Tao Shuxin, Xiao Xinxing, Li Xin, Na Fan, Na Guo, Wang Shuang, Zhang Pin, Hao Fang, Zhao Peiran, Guo Dong, Liu Xuewu, Yang Dawei
Department of Neurology, Liaocheng People's Hospital, Liaocheng, Shandong, China.
Department of Clinical Laboratory, Zibo Central Hospital, Zibo, Shandong, China.
Front Neurol. 2023 Apr 14;14:1153193. doi: 10.3389/fneur.2023.1153193. eCollection 2023.
The pathophysiological processes linked to an acute ischemic stroke (IS) can be reflected in the circulating metabolome. Amino acids (AAs) have been demonstrated to be one of the most significant metabolites that can undergo significant alteration after a stroke.
We sought to identify the potential biomarkers for the early detection of IS using an extensive targeted technique for reliable quantification of 27 different AAs based on ultra-performance liquid chromatography tandem mass spectrometry (UPLC-MS/MS). A cohort with 216 participants was enrolled, including 70 mild to moderate ischemic stroke patients (National Institutes of Health Stroke Scale < 15, MB group), 76 stroke mimics (MM group) and 70 healthy controls (NC group).

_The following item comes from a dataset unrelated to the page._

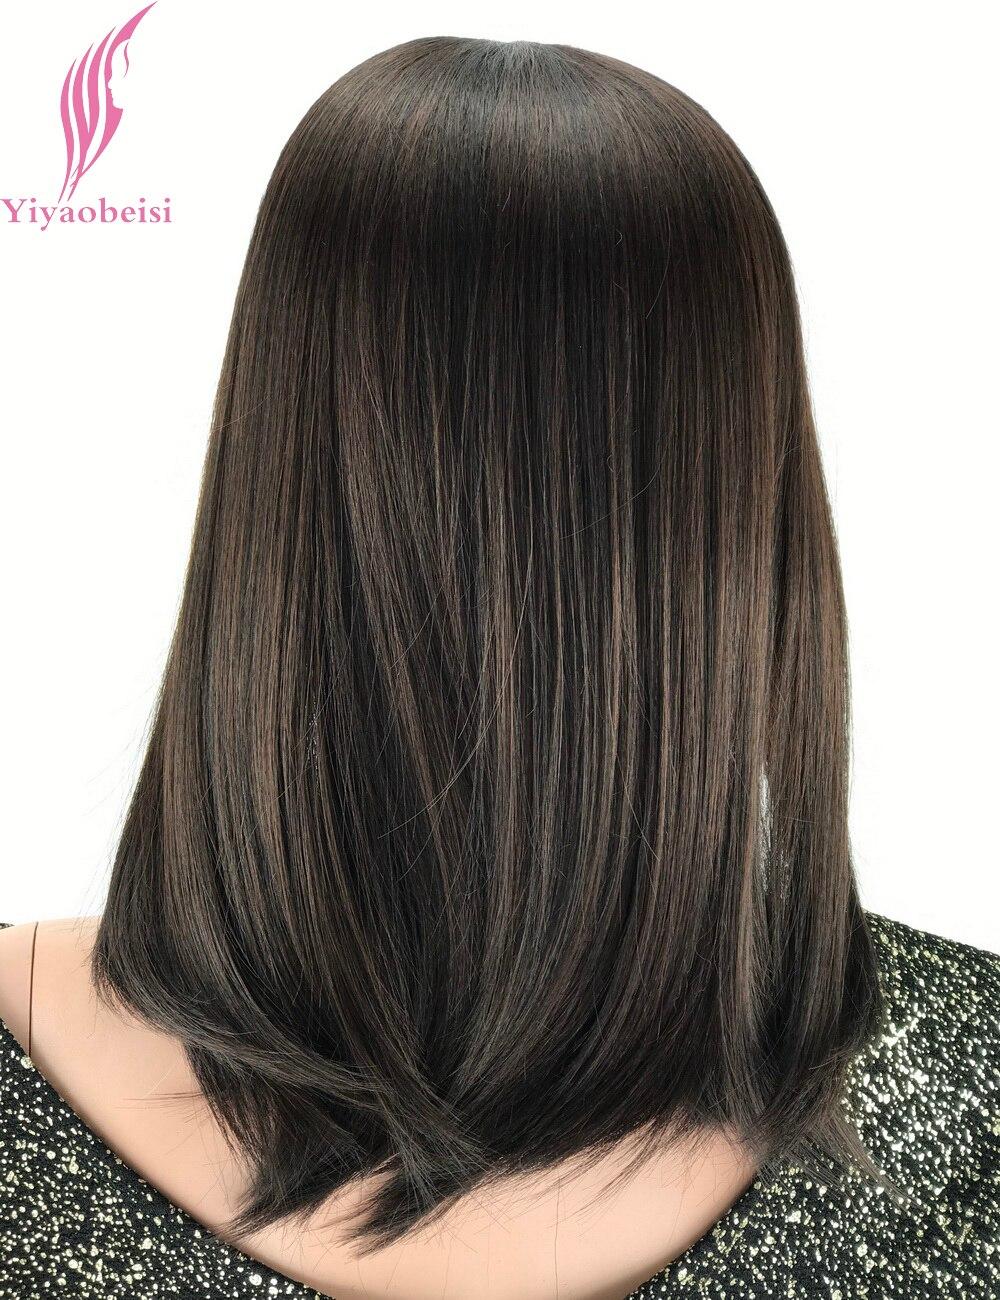 Highlights To Black Hair 7000 Hair Highlights

It was found that upon comparing MB and MM to control patients, AAs shifts were detected partial least squares discrimination analysis (PLS-DA) and pathway analysis. Interestingly, MB and MM exhibited similar AAs pattern. Moreover, ornithine, asparagine, valine, citrulline, and cysteine were identified for inclusion in a biomarker panel for early-stage stroke detection based upon an AUC of 0.968 (95% CI 0.924-0.998). Levels of ornithine were positively associated with infract volume, 3 months mRS score, and National Institutes of Health Stroke Scale (NIHSS) score in MB. In addition, a metabolites biomarker panel, including ornithine, taurine, phenylalanine, citrulline, cysteine, yielded an AUC of 0.99 (95% CI 0.966-1) which can be employed to effectively discriminate MM patients from control.
Overall, alternations in serum AAs are characteristic metabolic features of MB and MM. AAs could serve as promising biomarkers for the early diagnosis of MB patients since mild to moderate IS patients were enrolled in the study. The metabolism of AAs can be considered as a key indicator for both the prevention and treatment of IS.
与急性缺血性中风(IS)相关的病理生理过程可反映在循环代谢组中。氨基酸(AAs)已被证明是中风后可发生显著改变的最重要代谢物之一。
我们试图使用一种广泛的靶向技术,基于超高效液相色谱串联质谱(UPLC-MS/MS)对27种不同的氨基酸进行可靠定量,以确定用于早期检测IS的潜在生物标志物。纳入了一个由216名参与者组成的队列,包括70名轻度至中度缺血性中风患者(美国国立卫生研究院卒中量表<15,MB组)、76名疑似中风患者(MM组)和70名健康对照者(NC组)。
通过偏最小二乘判别分析(PLS-DA)和通路分析发现,将MB组和MM组与对照患者进行比较时,检测到氨基酸变化。有趣的是,MB组和MM组表现出相似的氨基酸模式。此外,基于曲线下面积(AUC)为0.968(95%可信区间0.924-0.998),确定将鸟氨酸、天冬酰胺、缬氨酸、瓜氨酸和半胱氨酸纳入用于早期中风检测的生物标志物面板。在MB组中,鸟氨酸水平与梗死体积、3个月改良Rankin量表(mRS)评分及美国国立卫生研究院卒中量表(NIHSS)评分呈正相关。此外,一个包括鸟氨酸、牛磺酸、苯丙氨酸、瓜氨酸、半胱氨酸的代谢物生物标志物面板的AUC为0.99(95%可信区间0.966-1),可用于有效区分MM组患者与对照组。
总体而言,血清氨基酸变化是MB组和MM组的特征性代谢特征。由于本研究纳入了轻度至中度IS患者,氨基酸有望作为MB组患者早期诊断的生物标志物。氨基酸代谢可被视为IS预防和治疗的关键指标。